1. Heat the oven to 450°F with racks in upper and lower thirds.
2. Slice the zucchini in half crosswise, then lengthwise into ¼-inch thick slabs. Transfer to a large Stir Crazy and drizzle with 2 tablespoons of the oil. Season with 1½ teaspoons of the salt and several grinds black pepper and toss with your hands to coat.
3. Divide the zucchini slices between two Holy Sheets and arrange in a single layer. Roast until knife-tender and the undersides are beginning to brown, 10 to 12 minutes.

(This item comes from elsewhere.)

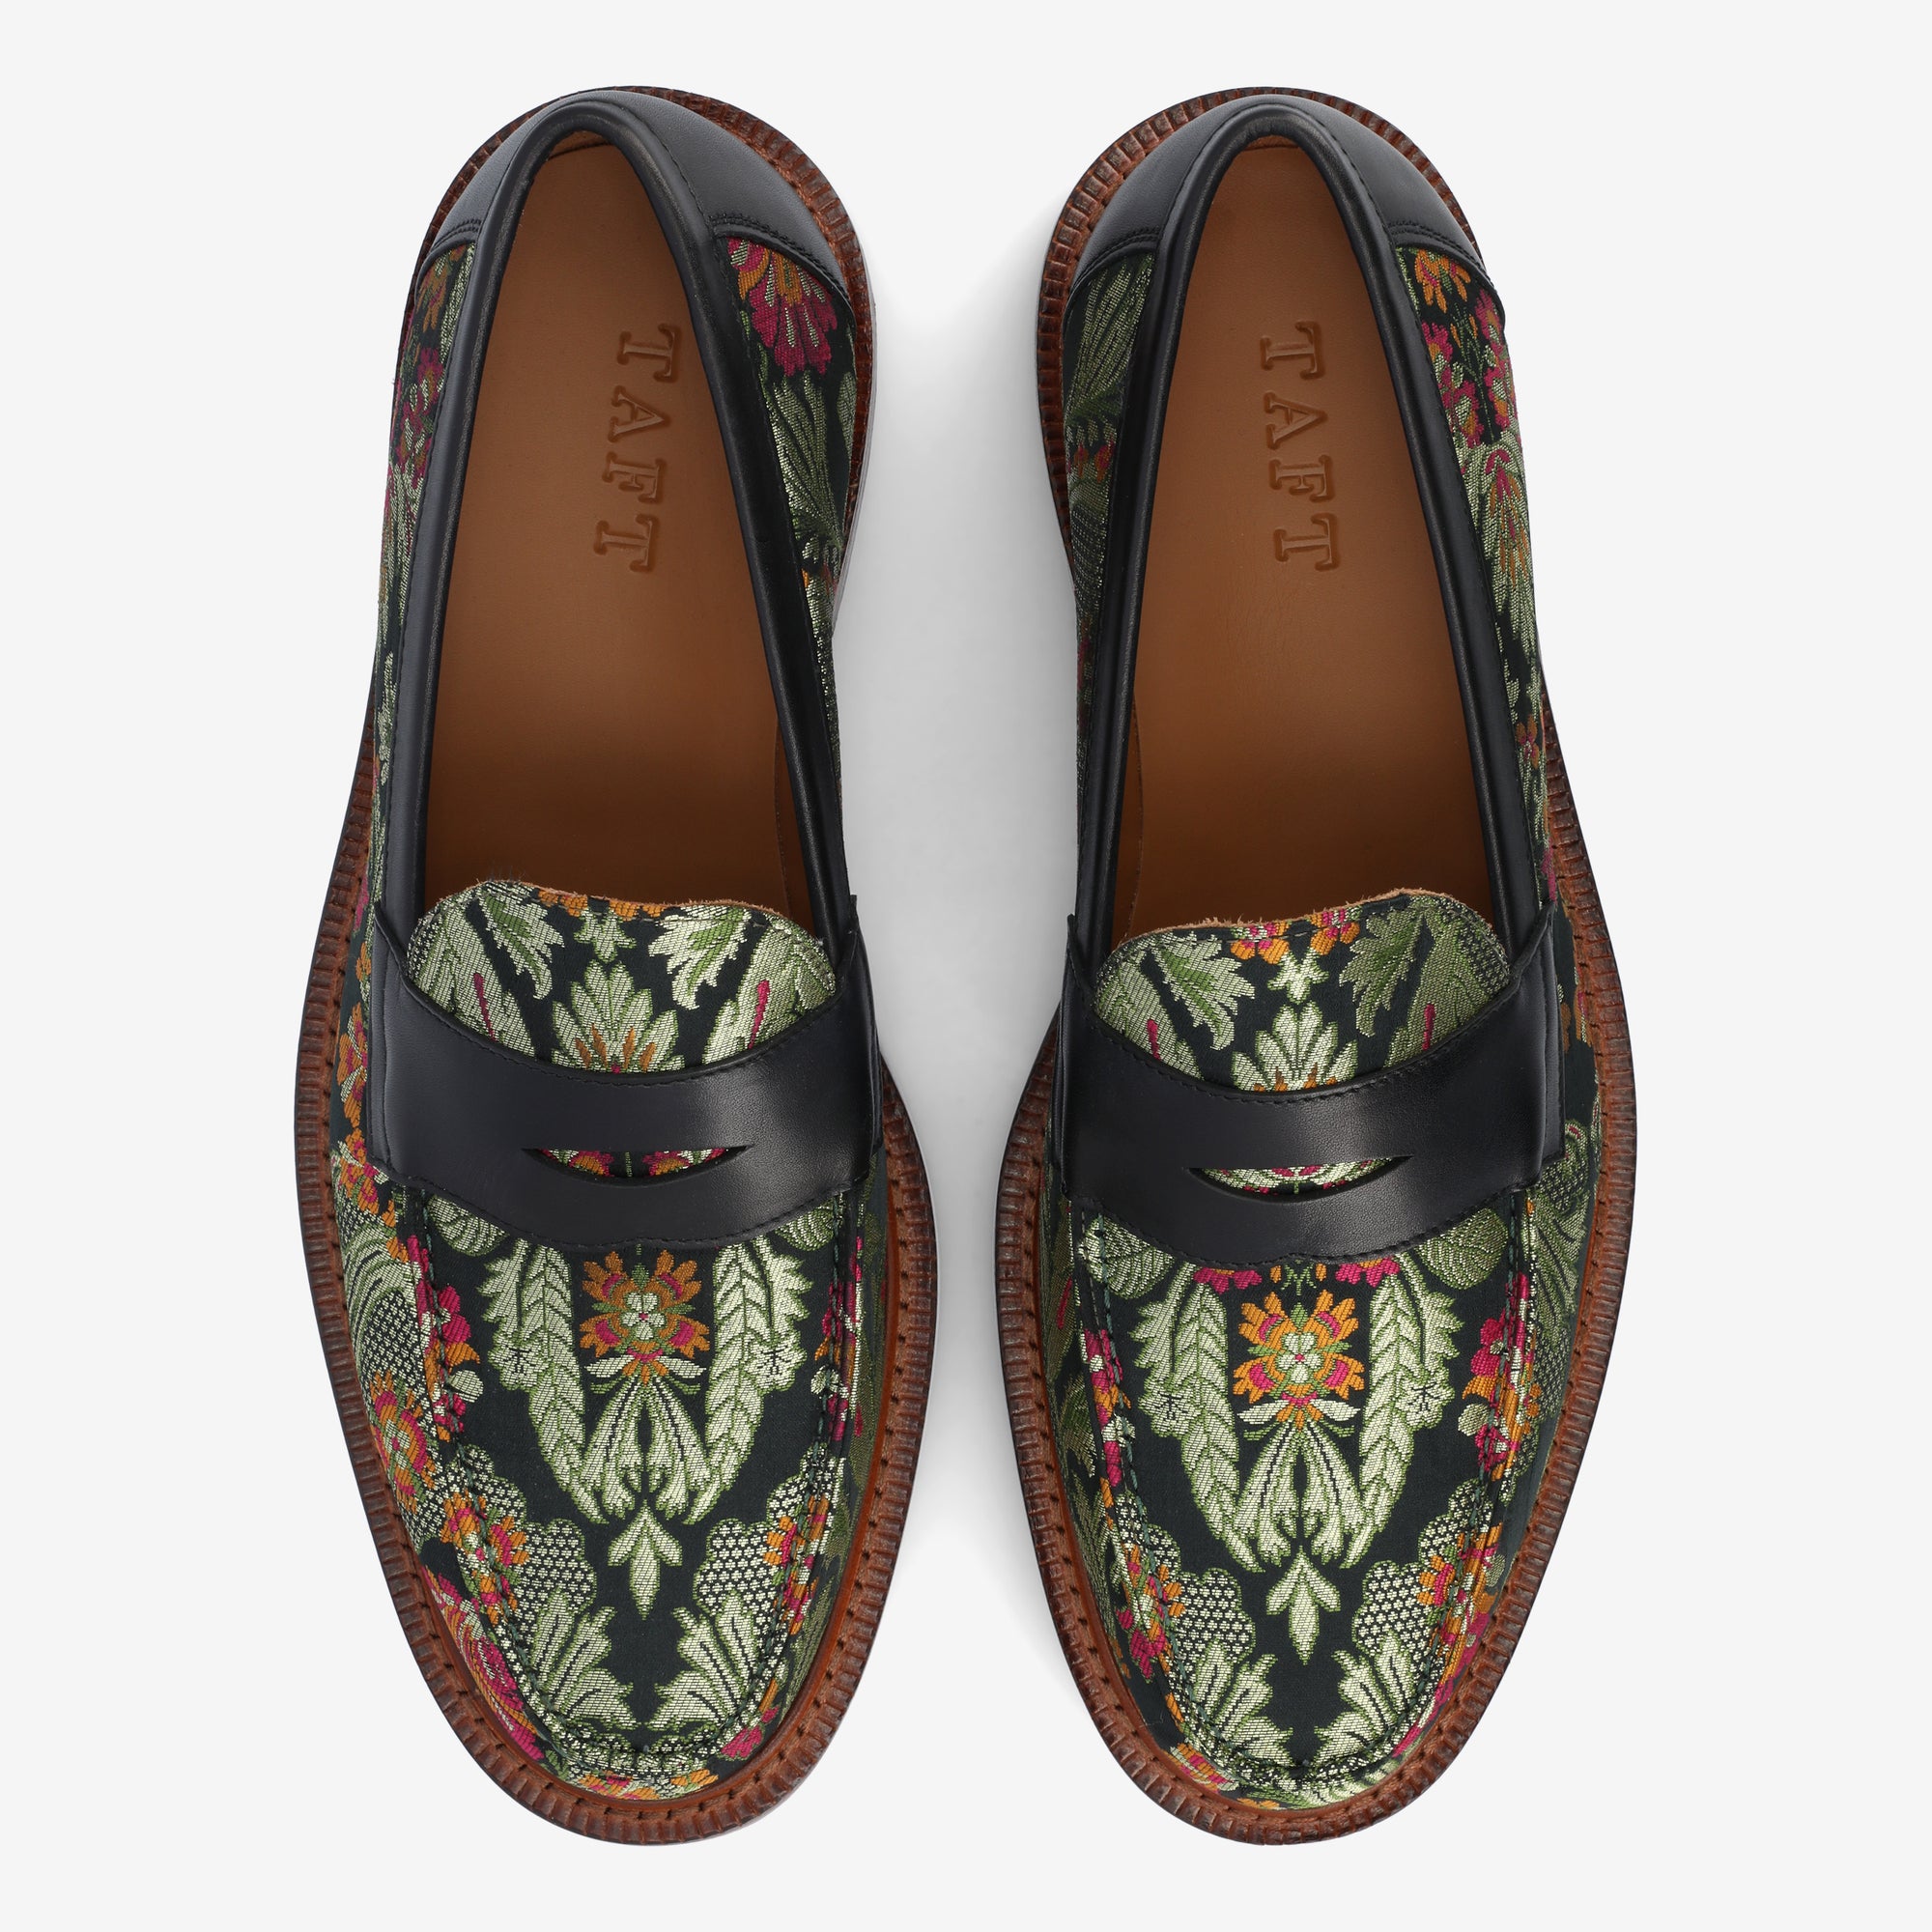 The Fitz Loafer in Victoria (Last Chance, Final Sale)

4. Meanwhile, in the now-empty bowl, combine the cottage cheese, basil, red pepper flakes, 1½ cups of the mozzarella cheese, remaining ½ teaspoon salt, and several grinds black pepper.

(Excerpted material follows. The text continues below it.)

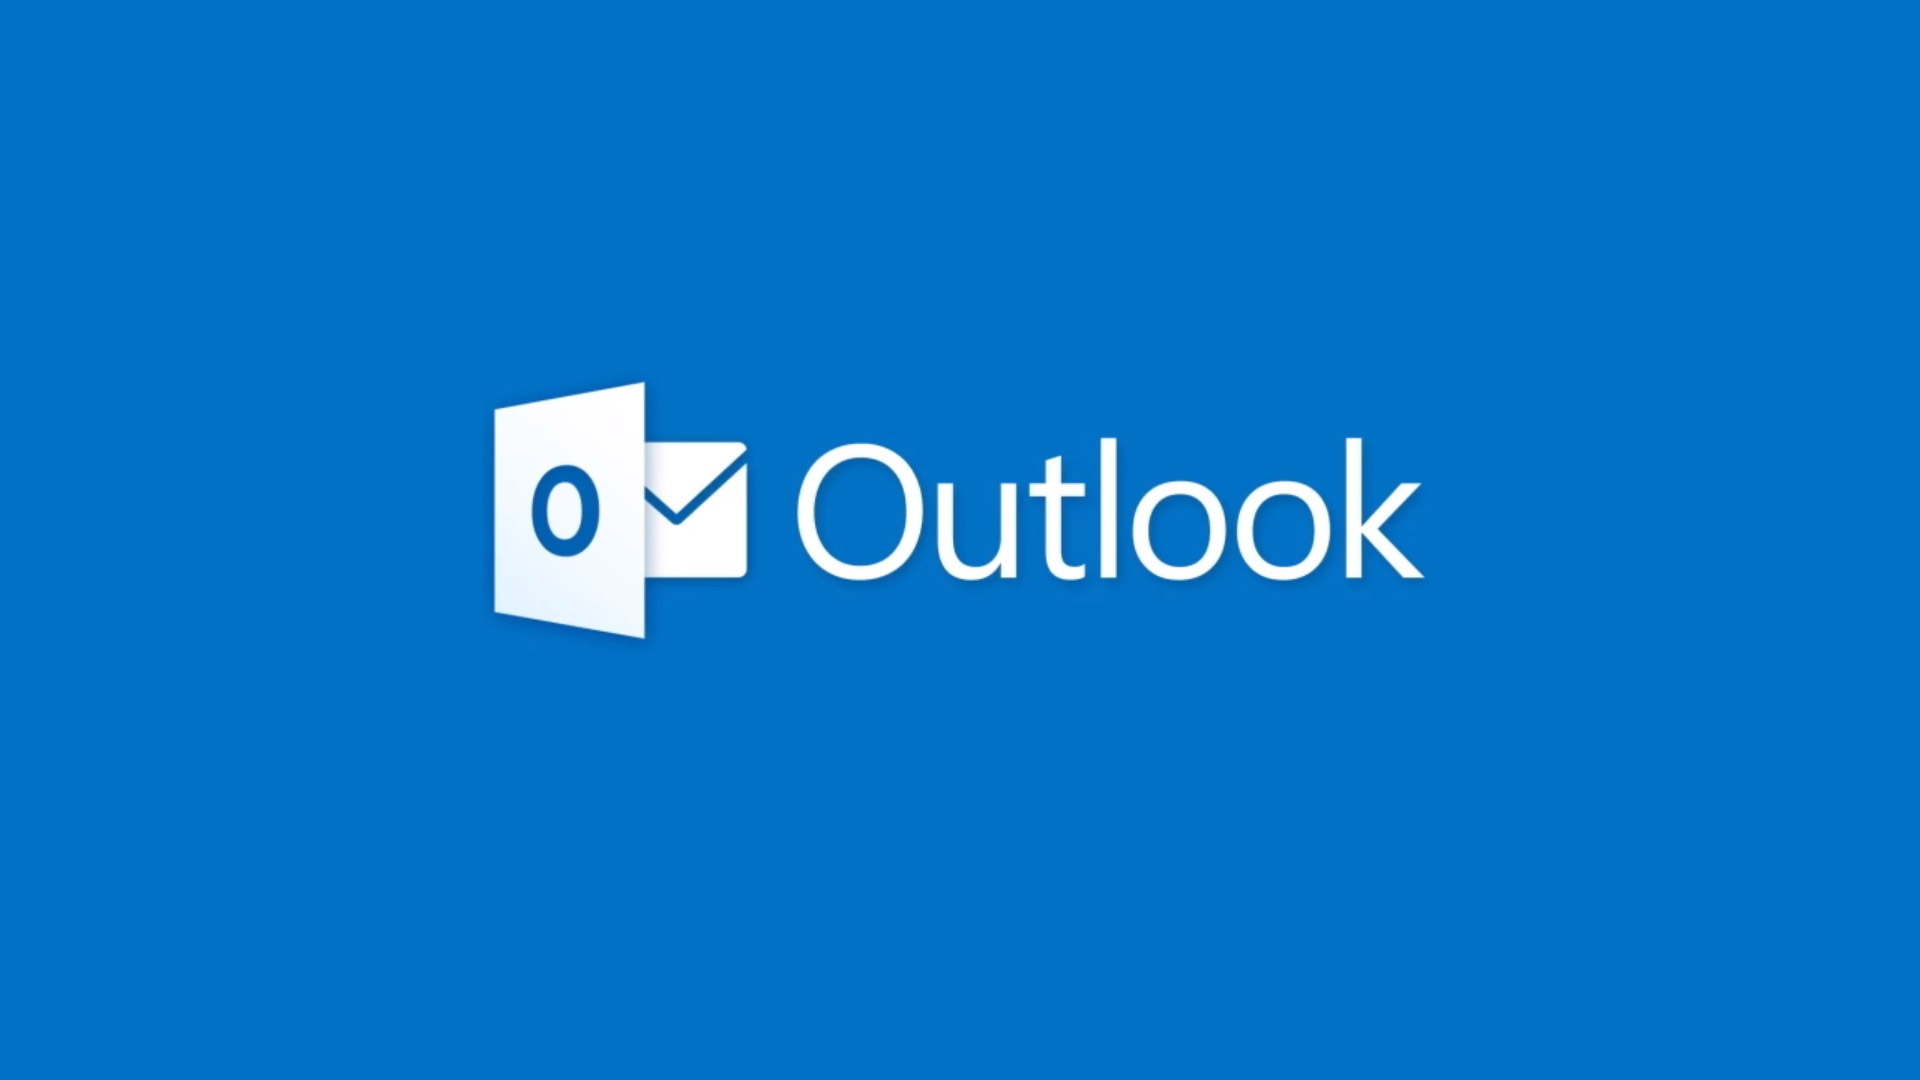 Featured image for “Navigate Microsoft Outlook like a Pro”

5. In a smaller Stir Crazy, stir together the Parmesan, breadcrumbs, remaining 1 tablespoon oil, and a pinch each salt and black pepper.
6. Combine the zucchini onto one sheet pan. On the now-empty sheet pan, spread 2 cups of the marinara sauce all the way to the edges. Arrange all of the zucchini slices over top (they should mostly fit in one layer, but it’s okay if they overlap slightly). Dollop on the cottage cheese mixture, followed by the remaining sauce.
7. Sprinkle the remaining ½ cup mozzarella evenly over the sheet pan, followed by the breadcrumb mixture. (Be generous around the edges of the sheet pan). Bake on the center oven rack until the sauce is bubbling and the cheese is browned in spots, 20 to 25 minutes. Let sit at least 5 minutes before topping with more basil and serving.
8. Pair with a leafy green salad, crusty bread, or a side of pasta!